Agents need to know what a tool does to the world before calling it. Descriptions should go beyond structured annotations to explain consequences.

Conciseness5/5

Is the description appropriately sized, front-loaded, and free of redundancy?

The description is maximally concise - a single sentence that states exactly what the tool does without any wasted words. It's front-loaded with the core action and gets straight to the point, making it easy for an agent to parse quickly.

Shorter descriptions cost fewer tokens and are easier for agents to parse. Every sentence should earn its place.

Completeness2/5

Given the tool's complexity, does the description cover enough for an agent to succeed on first attempt?

For a destructive operation with no annotations and no output schema, the description is insufficiently complete. It doesn't address critical context like deletion consequences, error conditions, return values, or how this tool relates to other delete operations in the system. The agent would need to guess about important behavioral aspects of this potentially dangerous operation.

Complex tools with many parameters or behaviors need more documentation. Simple tools need less. This dimension scales expectations accordingly.

Parameters3/5

Does the description clarify parameter syntax, constraints, interactions, or defaults beyond what the schema provides?

The schema has 100% description coverage, with both parameters clearly documented in the schema itself. The description adds no additional parameter information beyond what's already in the structured schema. This meets the baseline expectation when the schema does the heavy lifting for parameter documentation.

Input schemas describe structure but not intent. Descriptions should explain non-obvious parameter relationships and valid value ranges.

Purpose4/5

Does the description clearly state what the tool does and how it differs from similar tools?

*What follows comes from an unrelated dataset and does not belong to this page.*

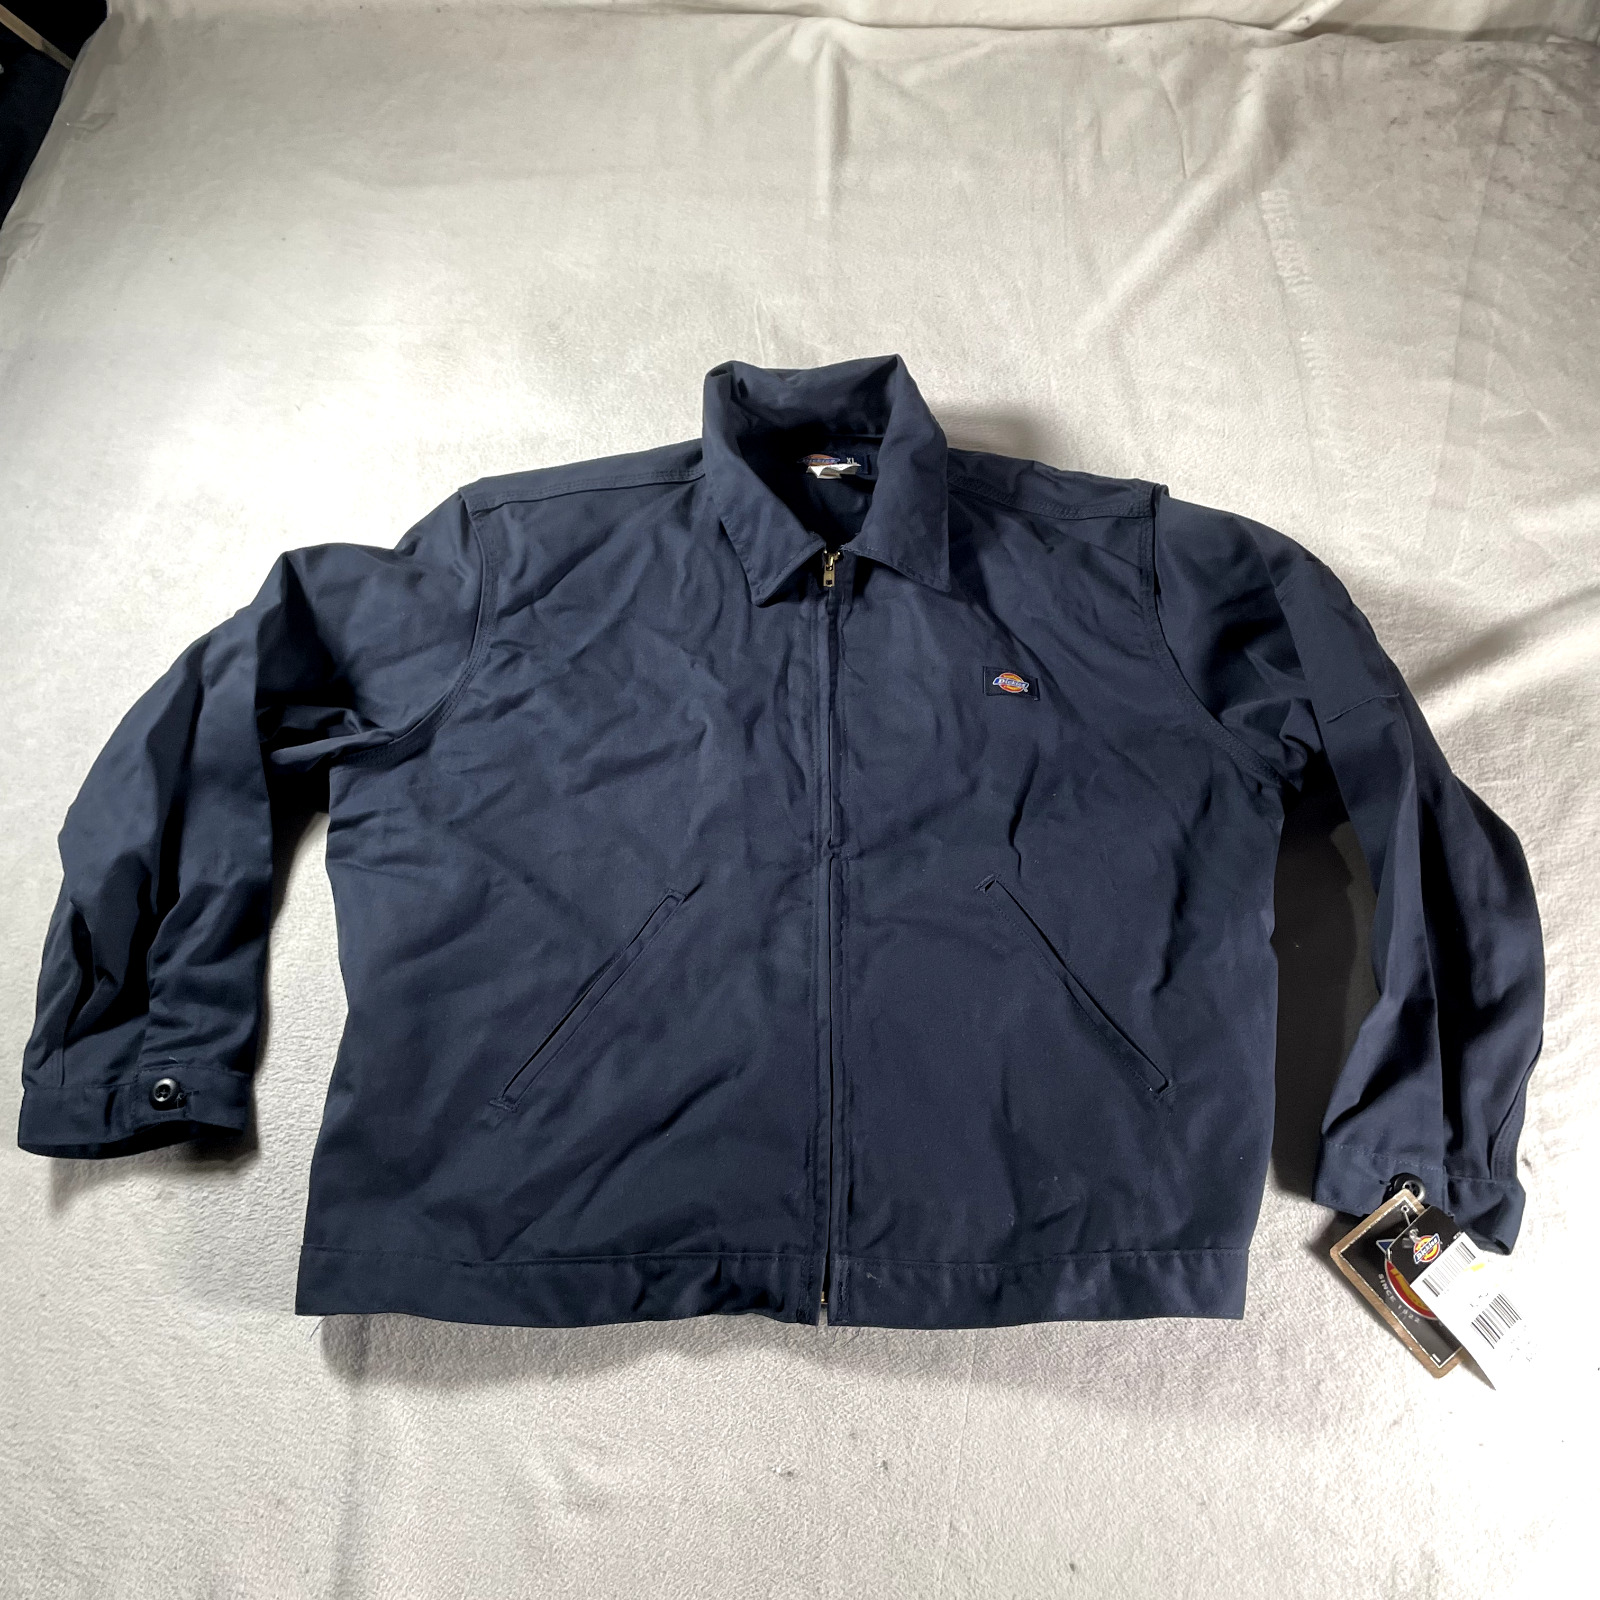 Vintage Dickies Jacket Extra Large Blue Canvas Workwear Eisenhower Bomber 90s

The description clearly states the action ('Delete') and target ('a resource by ID'), making the purpose immediately understandable. However, it doesn't differentiate this tool from other delete operations in the sibling list (delete_credential, delete_plugin_metadata, delete_secret), which all follow similar patterns but target different resource types.

Agents choose between tools based on descriptions. A clear purpose with a specific verb and resource helps agents select the right tool.

Usage Guidelines2/5

Does the description explain when to use this tool, when not to, or what alternatives exist?

The description provides no guidance on when to use this tool versus alternatives. With sibling tools like 'delete_credential' and 'delete_secret' available, there's no indication of how this general 'delete_resource' differs from those more specific delete operations or when one should be preferred over the other.

Agents often have multiple tools that could apply. Explicit usage guidance like "use X instead of Y when Z" prevents misuse.